Glencore, the miner’s largest shareholder, with a 34 percent stake, confirmed its offer was now 3.05 new shares for every Xstrata share held, up from 2.8. That represents a 27 percent premium to the ratio at which the two shares were trading last week, when the market believed the deal would collapse.
“Glencore confirms that it is an all-share merger, and it will not increase the merger ratio further,” Glencore said.
“The increased merger ratio represents a substantial premium for a company with a 34 percent shareholder,” it added, explicitly brushing off hopes from some shareholders of a bid from a third party.
In line with proposals outlined on Friday in a U-turn from Glencore that rescued the deal from collapse, the bid provides for Glencore’s own chief executive, Ivan Glasenberg, to take the helm of the combined group — at the expense of Xstrata’s Mick Davis, a mining veteran who would have taken the job under the original offer.
Glasenberg is expected to take the top seat after an interim period of six months under Davis, and, in a gesture to appease both the independent directors and shareholders fretting over management of Xstrata’s operations and new mines, Glencore said yesterday the merger remained conditional on Xstrata’s controversial retention scheme for key managers.
However, Glencore signalled it could make changes to the details of the scheme, seen by some investors as excessively generous.

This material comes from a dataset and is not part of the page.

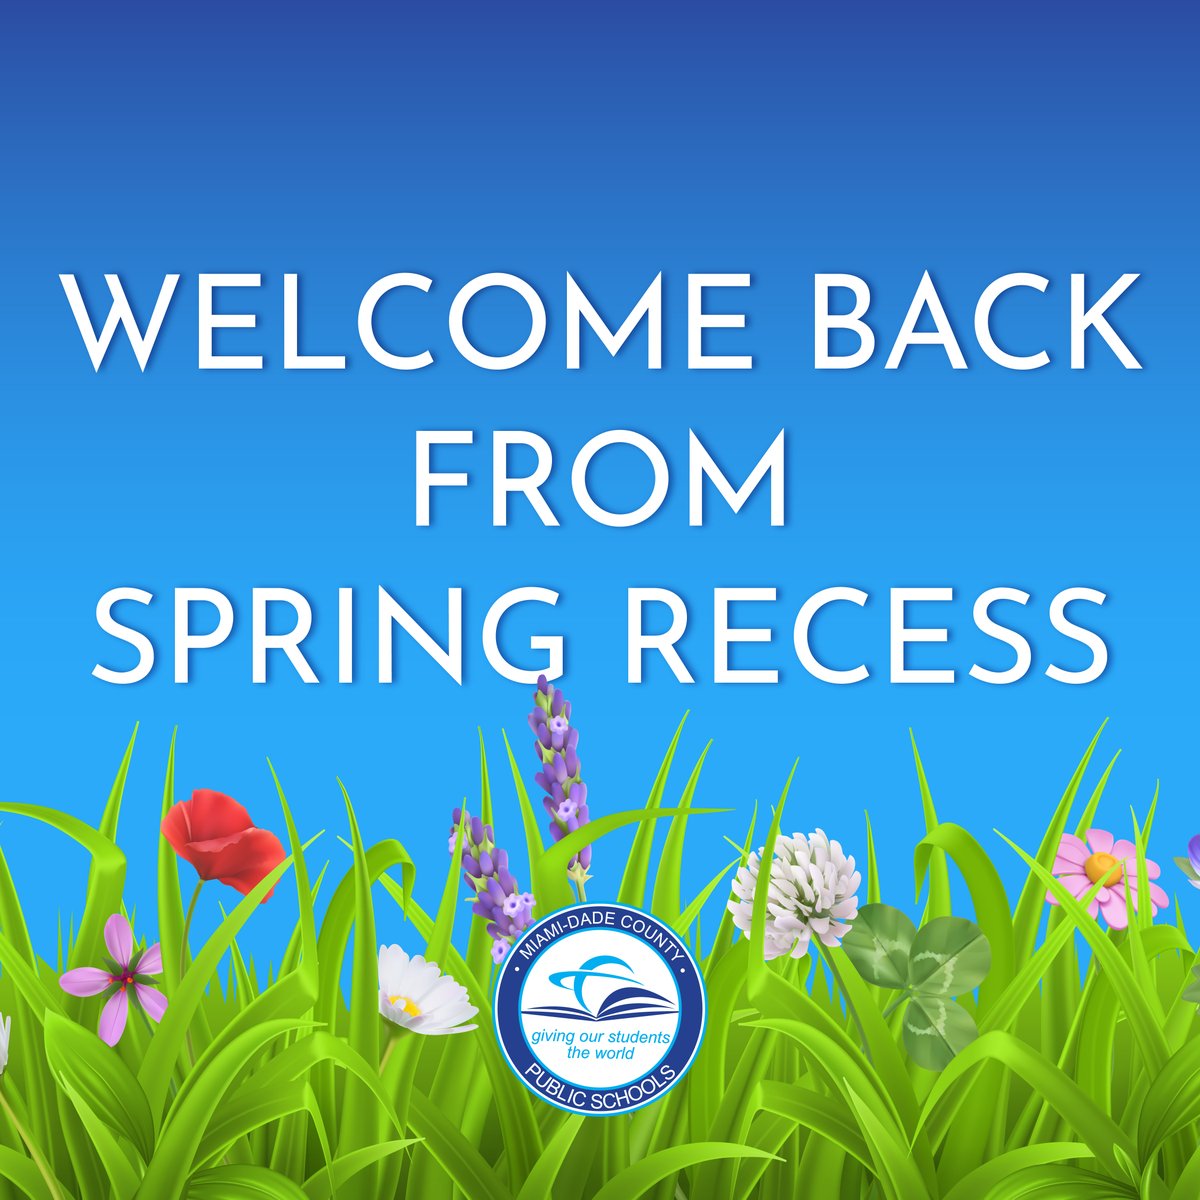 Students, hope you had a fun and relaxing Spring Recess! As school resumes tomorrow, let’s continue the exciting journey of discovery and academic growth. Looking forward to a fantastic remainder of the school year ahead! #YourBestChoiceMDCPS

“Glencore has asked the independent Xstrata board to consider what [if any] changes they would propose to the retention and incentive arrangement packages ... to ensure that they are acceptable to independent Xstrata shareholders,” it said.
Xstrata chairman John Bond will retain the same job in the combined group, as under the original proposals.
A former chairman of Vodafone and HSBC, Bond is considered a steadier hand than Glencore chairman Simon Murray, but has also been criticized by some minority shareholders for recommending the initial Glencore offer.
Xstrata said its independent directors would respond on Sept. 24 after consulting with major shareholders.
Glencore, the world’s largest diversified commodities trader, made a long-awaited takeover bid for Xstrata in February.
However, the offer ran into trouble and was expected to fail as shareholders prepared to vote last Friday, after No. 2 shareholder Qatar and other investors opposed the terms of the deal, while Glencore refused to yield.
Living up to Glasenberg’s reputation as an unpredictable negotiator, however, a higher proposal from Glencore was announced just minutes before the miner’s shareholders met to cast their ballots on the existing offer.